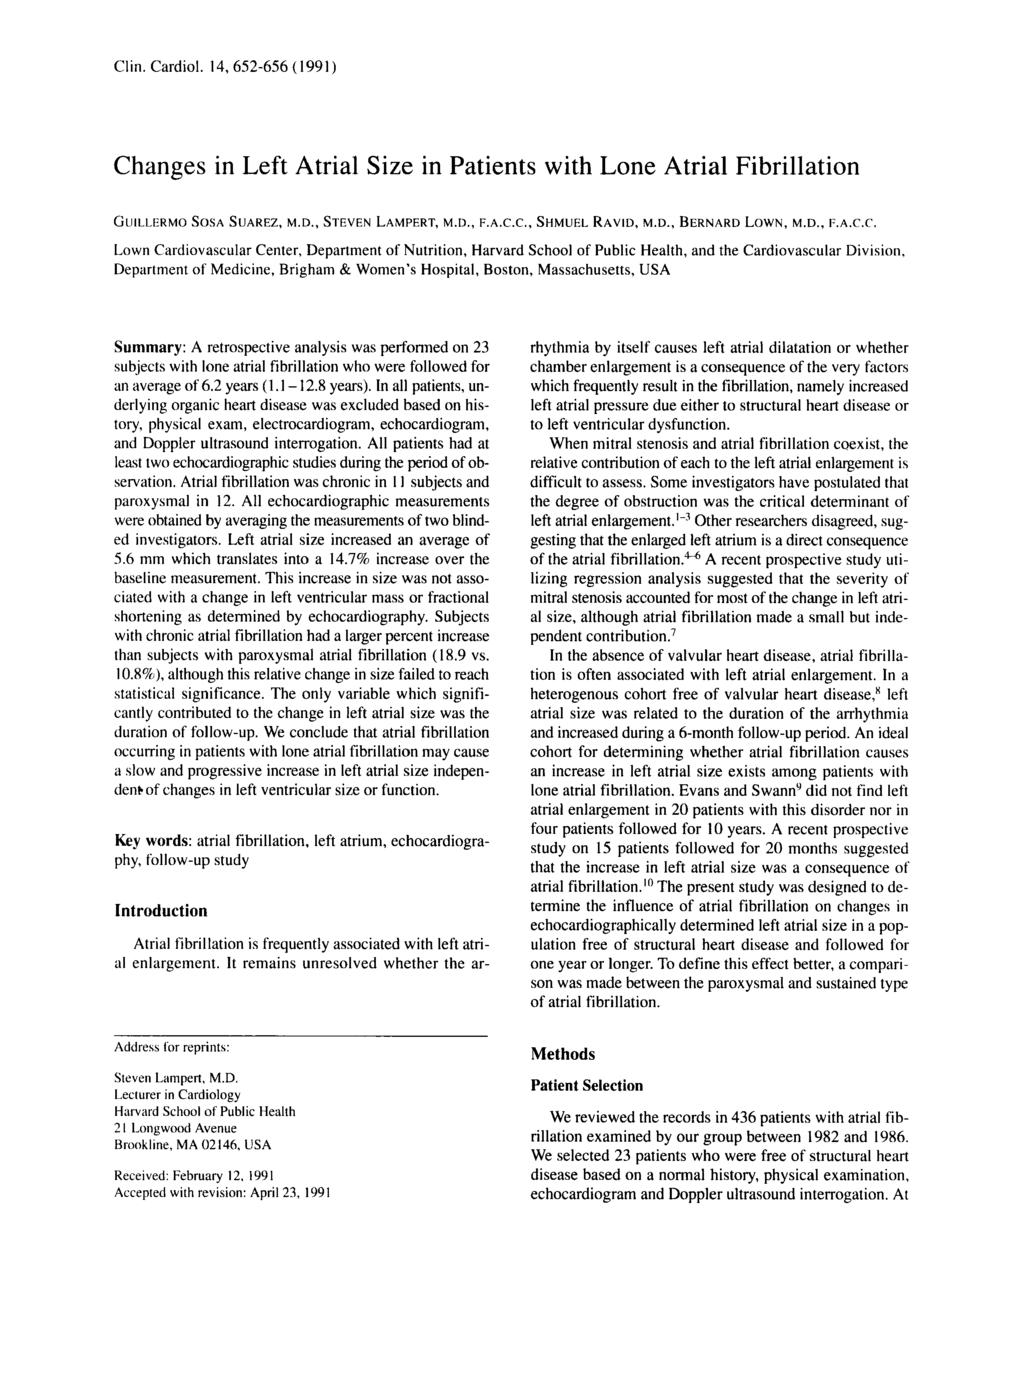 Clin. Cardiol. 14,652-656 (1991) Changes in Left Atrial Size in Patients with Lone Atrial Fibrillation GUILLERMO SOSA SUAREZ, M.D., SIEVEN LAMPERT, M.D., F.A.C.C., SHMUEL RAVID, M.D., BERNARD LOWN, M.
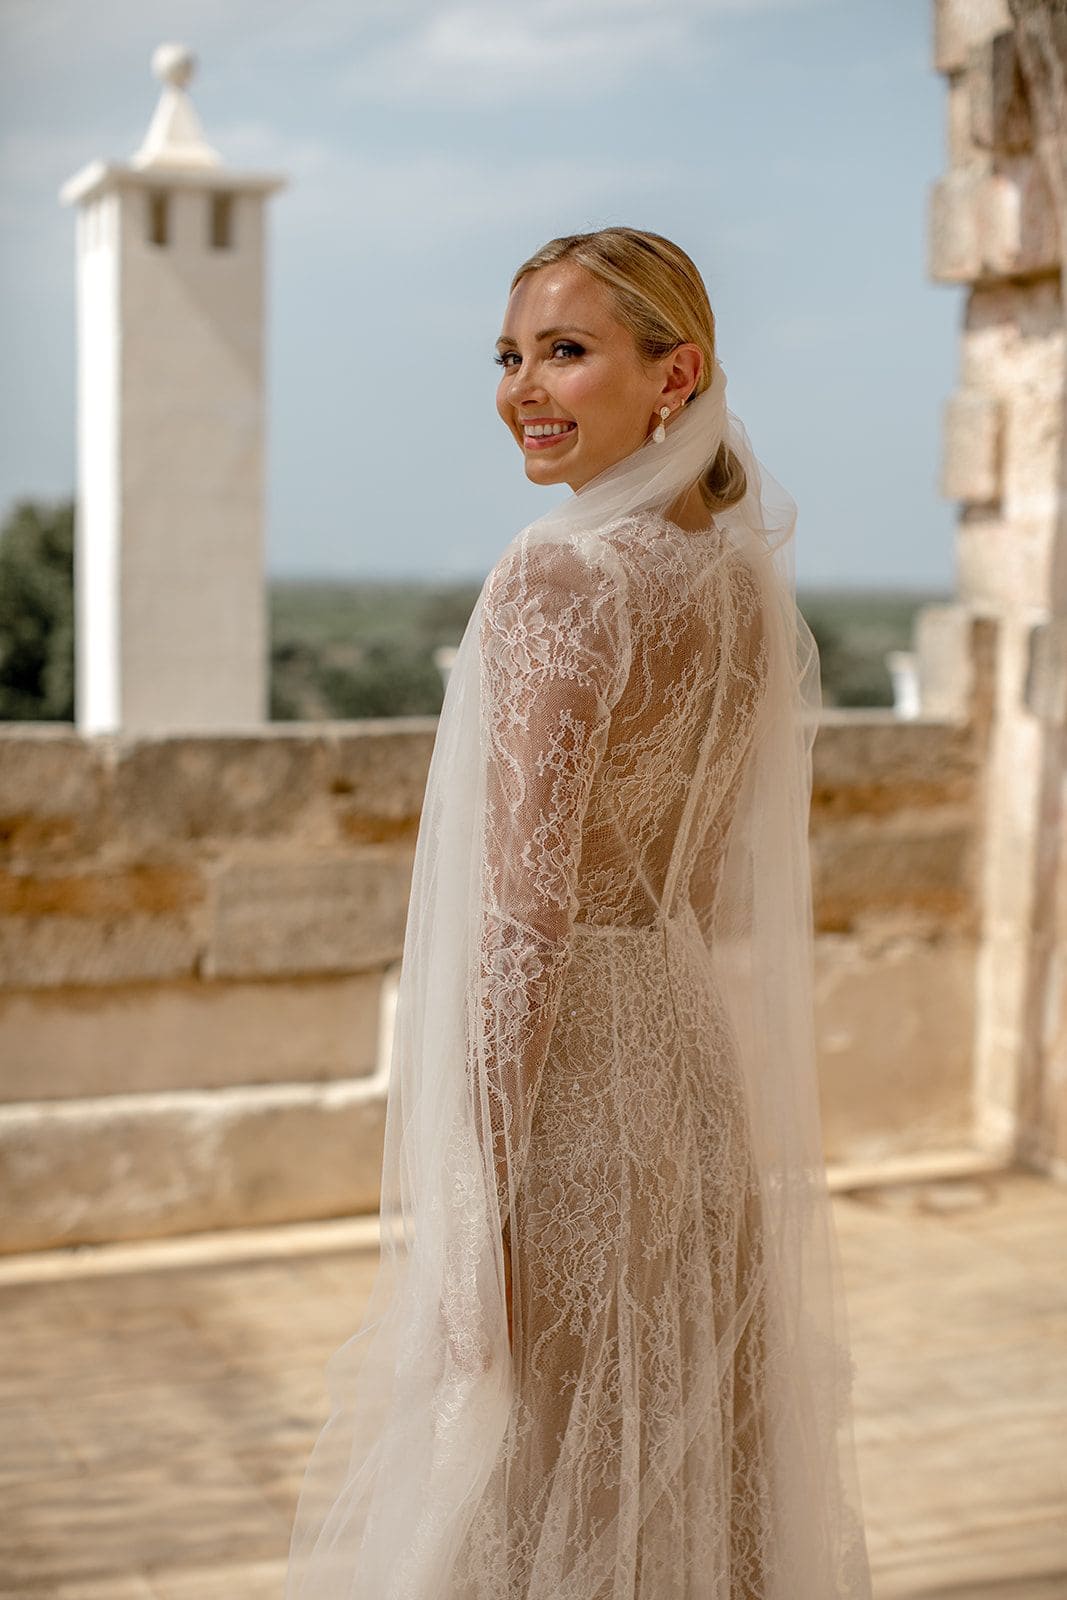 Bride wears lace wedding gown
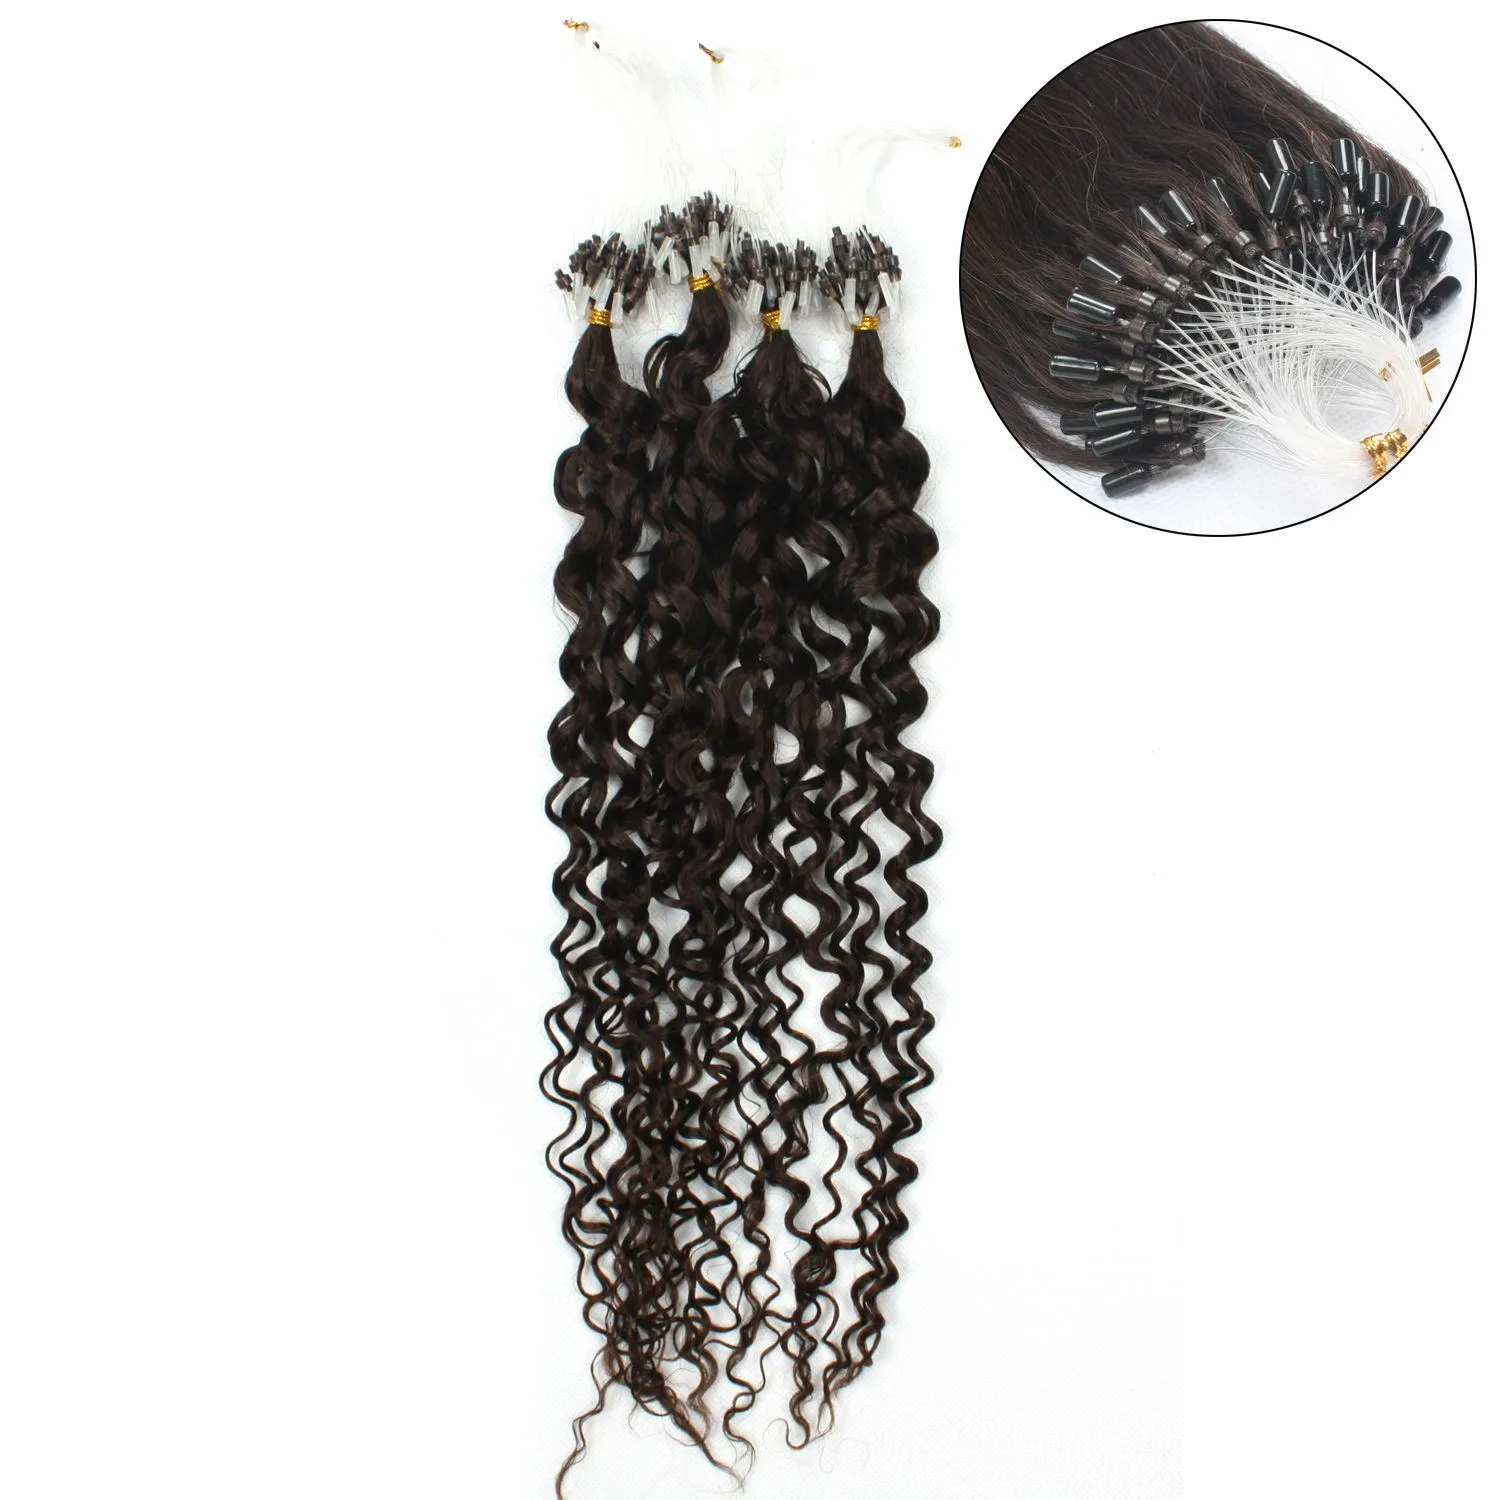 Elibess Hair-Micro ring Hair Extension 0.8g / 스트랜드 200 스트랜드 / 로트 # 1 # 1B # 4 # 6 색상 웨이브 루프 마이크로 링 헤어 확장

_ _ _

Give back all the data exactly, minus pictures.

 Clin. Cardiol. 14,652-656 (1991) Changes in Left Atrial Size in Patients with Lone Atrial Fibrillation GUILLERMO SOSA SUAREZ, M.D., SIEVEN LAMPERT, M.D., F.A.C.C., SHMUEL RAVID, M.D., BERNARD LOWN, M.
 Bride wears lace wedding gown
 Elibess Hair-Micro ring Hair Extension 0.8g / 스트랜드 200 스트랜드 / 로트 # 1 # 1B # 4 # 6 색상 웨이브 루프 마이크로 링 헤어 확장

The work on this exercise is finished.